Arthur Mensch9(M),Guillaume Lampe(L),Timothee Lacroix(R)

Photo/Mistral- Renauld Khan

AI is booming, and the most talked-about company this week is Mistral AI, a European AI unicorn. On February 26, local time, Mistral AI released its latest flagship model, Mistral Large, which rivals OpenAI’s GPT-4 and Google’s Gemini Pro in performance, but costs only $22 million to train, about a fifth of GPT-4.

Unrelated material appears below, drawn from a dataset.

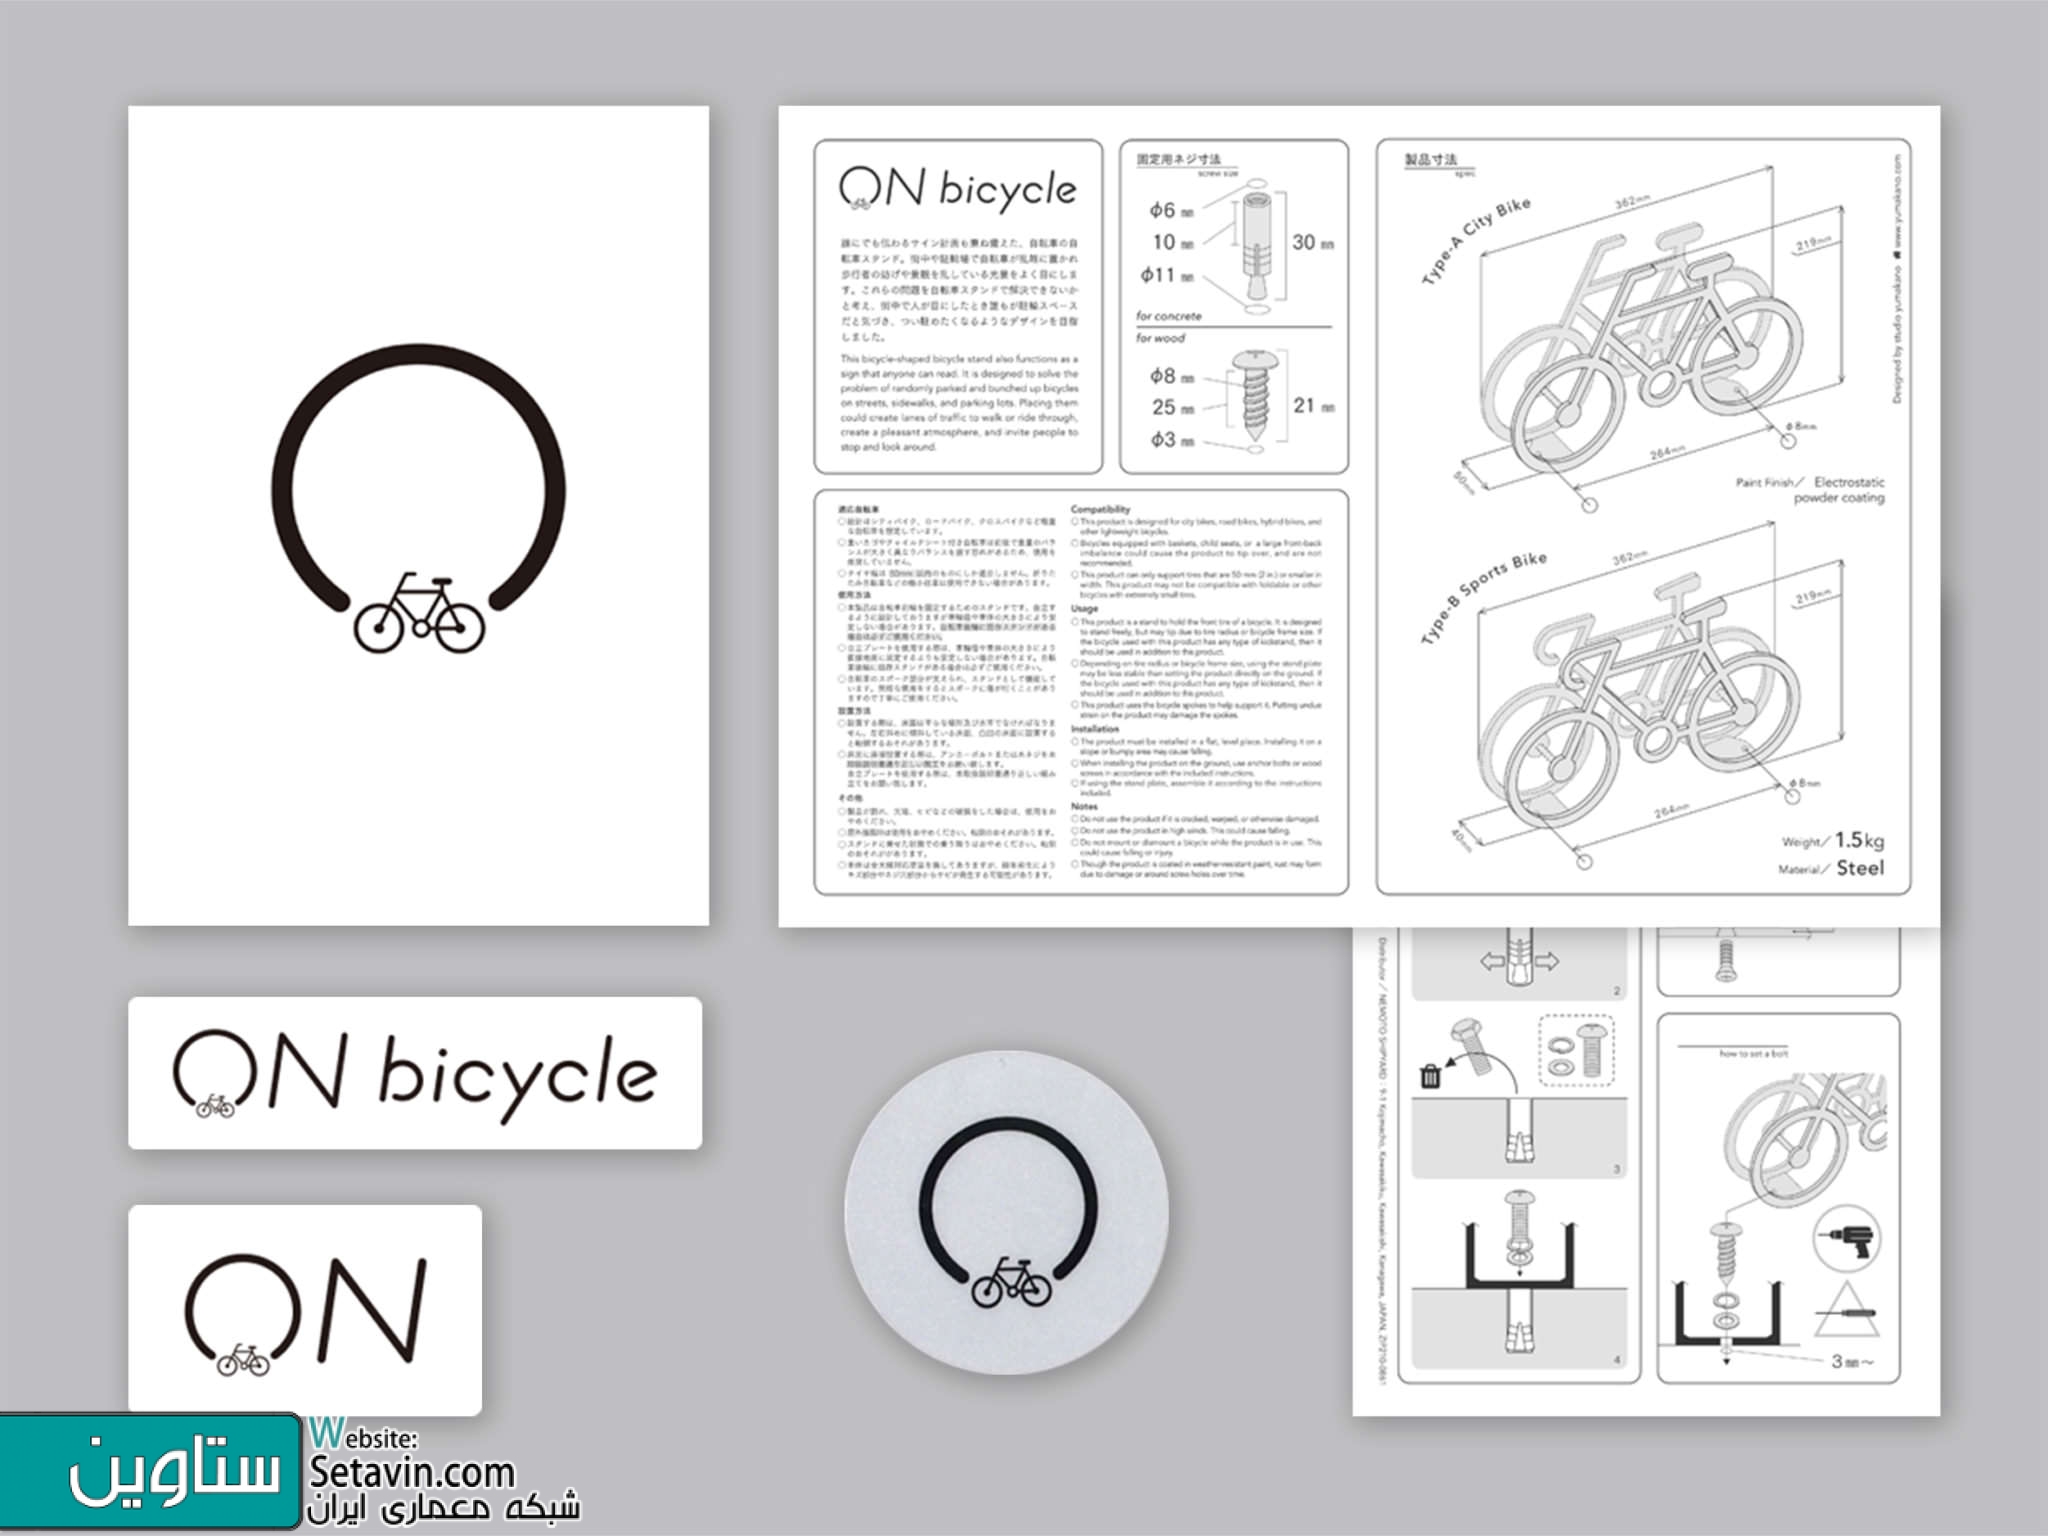 ایده مبتکرانه طراح ژاپنی برای ایستگاه دوچرخه

More importantly, Mistral AI announced a partnership with Microsoft, becoming the second company after OpenAI to offer large model services on Microsoft’s cloud platform Azure. In addition, Microsoft also invested about $16 million in Mistral AI. Although Microsoft’s investment amount is small, deploying Mistral Large model on Azure is equivalent to giving the company a very heavy vote of confidence.

After getting Microsoft’s approval, praises such as “European AI” and “above all models except OpenAI” came one after another, gaining a lot of exposure.

This is not the first time Mistral AI has “broken the circle” and entered the public eye. When it was founded in 2023, the “only seedling” of European AI had once made a small splash with its amazing performance of “4 weeks, 7 pages PPT, $113 million financing”.

Mistral AI was founded in April 2023, and in June of the same year, Mistral AI received 105 million euros (about $113 million) in seed funding; in December of the same year, it received another 385 million euros (about $415 million) in Series A funding. The investors in these two rounds include well-known Silicon Valley venture capital firms Lightspeed Venture Partners and Andreessen Horowitz (also known as a16z), tech giants Nvidia and Sequoia, former Google CEO Eric Schmidt, and French billionaire Xavier Niel, among others, with a valuation of $2 billion.

Mistral AI’s rapid growth is closely related to the AI credentials of its three founders. In 2023, Arthur Mensch, who was working on large models at Google’s artificial intelligence department DeepMind, left the company and joined forces with Timothee Lacroix and Guillaume Lampe, who worked at Meta’s Paris AI lab, to create their own AI company. The latter two were Mensch’s classmates during his student days. At that time, Mensch was just thirty years old, and the other two were of similar age.

Media reports show that Arthur studied at the Ecole Polytechnique and the Ecole Normale Superieure in Paris. His doctoral research focused on analyzing three-dimensional brain images from fMRI systems, enabling software to process up to millions of images. At the end of 2020, Arthur joined DeepMind and participated in the development of large language models, leading projects such as Retro, Flamingo and Chinchilla. Guillaume and Timothée co-led the development of Meta’s open-source large model LLaMa.

As for why they left Google to start their own business, Arthur explained that he didn’t like the team getting bigger and bigger, showing signs of bureaucracy and that he “didn’t want to develop those opaque technologies in large tech companies”. Timothée and Guillaume were tired of the internal competition for computing power.

Similar values and related “big company” experiences made Mistral AI take off quickly. Adhering to the principles of open source and cost saving, Mistral AI also has a touch of idealism that OpenAI had when it was founded. In its business plan in the spring of 2023, Mistral criticized the proprietary closed-source models led by American companies, saying that they were forming a “monopoly”, and that Mistral AI would release its initial AI system as open-source software, allowing anyone to use or modify it for free.

Mistral did exactly that at first. In September and December 2023, the company launched the small model Mistral 7B and the “mixed expert” architecture Mixtral 8x7B model, respectively, by directly posting magnet download links on social media. This was obviously very different from OpenAI’s closed approach in recent years.

However, as the scale expanded, Mistral AI’s style became more and more similar to OpenAI, and its latest flagship model Mistral Large adopted a closed-source route, neither open nor free. Arthur explained: “It is very delicate to find a balance between building a business model and sticking to our open source values. We want to create new things, new architectures, but also provide some additional products and services to our customers.”

In the era of large models, computing power and capital have become decisive factors. Under the pressure of expanding scale and investors, whether Mistral AI can take a different path from OpenAI is worth looking forward to.